Forum Moderators: open
[spaces.msn.com...]
written by an Israeli mathematician named Hillel Tal-Ezer. It points out a fault in Google's PageRank algorithm that causes 'sink' pages that are not strongly connected to the main web graph to have an unrealistic importance. The author then goes on to explain a new algorithm with the same complexity of the original PageRank algorithm that solves this problem.
Yes the basic formula is math but if you're going to call E=Mc2 wrong i'd expect a more indepth example than one or two paragraphs.
I'm admittedly right-brained and dysfunctional in math, so I'm rowing with one oar in being critical about this
paper.. but come on, I think Google knows what they're doing.

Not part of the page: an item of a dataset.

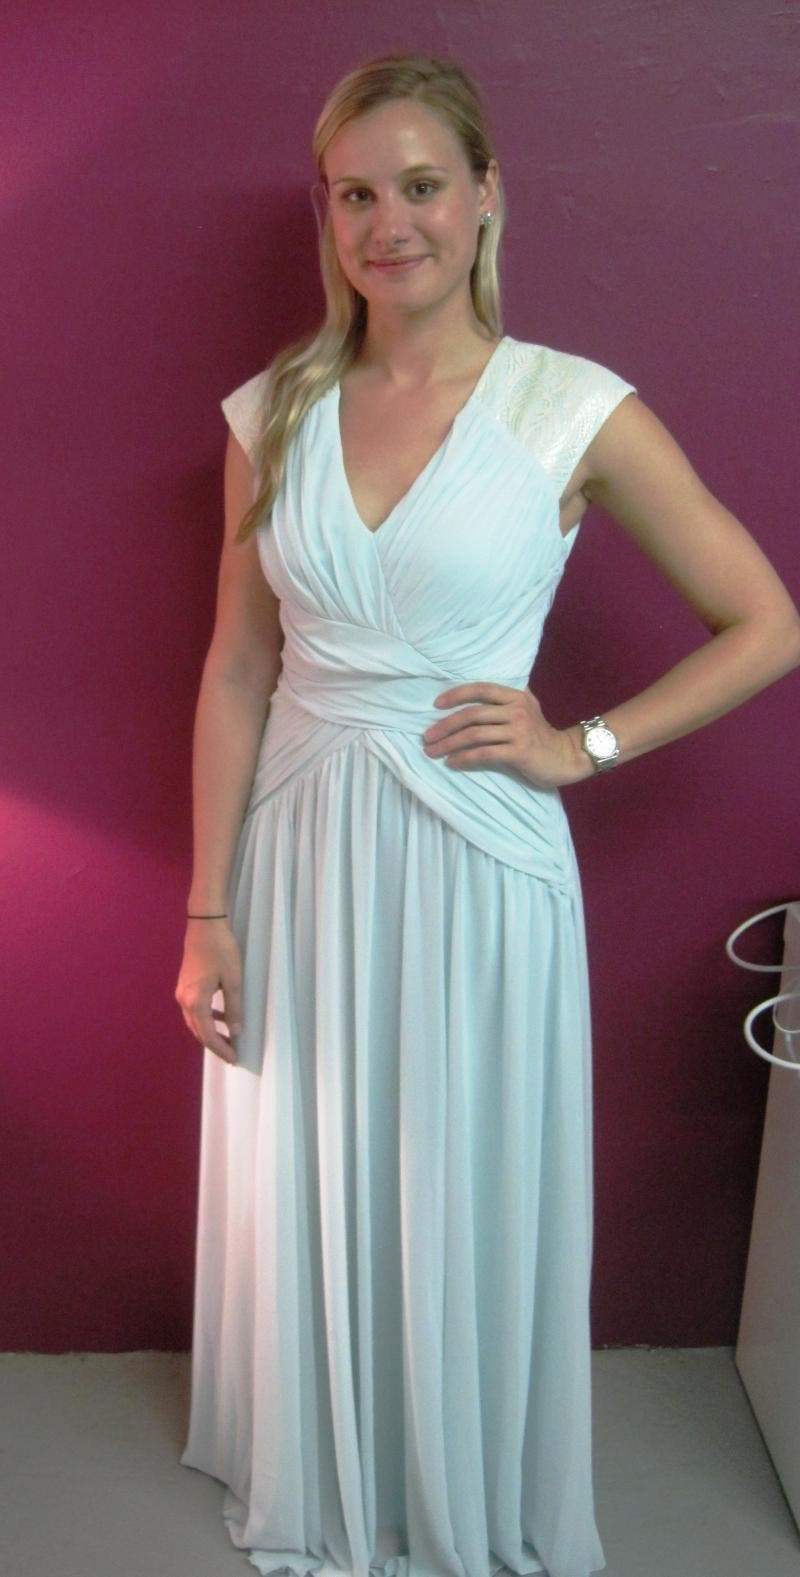 Rent Mint Dream Gown from Badgley Mischka - 283458 | Rent the Runway

You have to question whether any technology research that is based on 7 year old data is worthwhile
Yeah, it might be able to be questioned, but the 1998 PageRank paper is still the authority; everything published in this field is based on it.
More current research based on PageRank was published by folks from Stanford and Yahoo as recently as two months ago, see Link Spam Detection Based on Mass Estimation [www-db.stanford.edu] (pdf). I tend to doubt that these folks would spin their wheels by basing research on an outdated paper.
I've never been satisfied that PR calculation would vary according to keywords/content as some have suggested. Mathematically that doesn't make enough sense - PageRank is natively independent of the page's topic.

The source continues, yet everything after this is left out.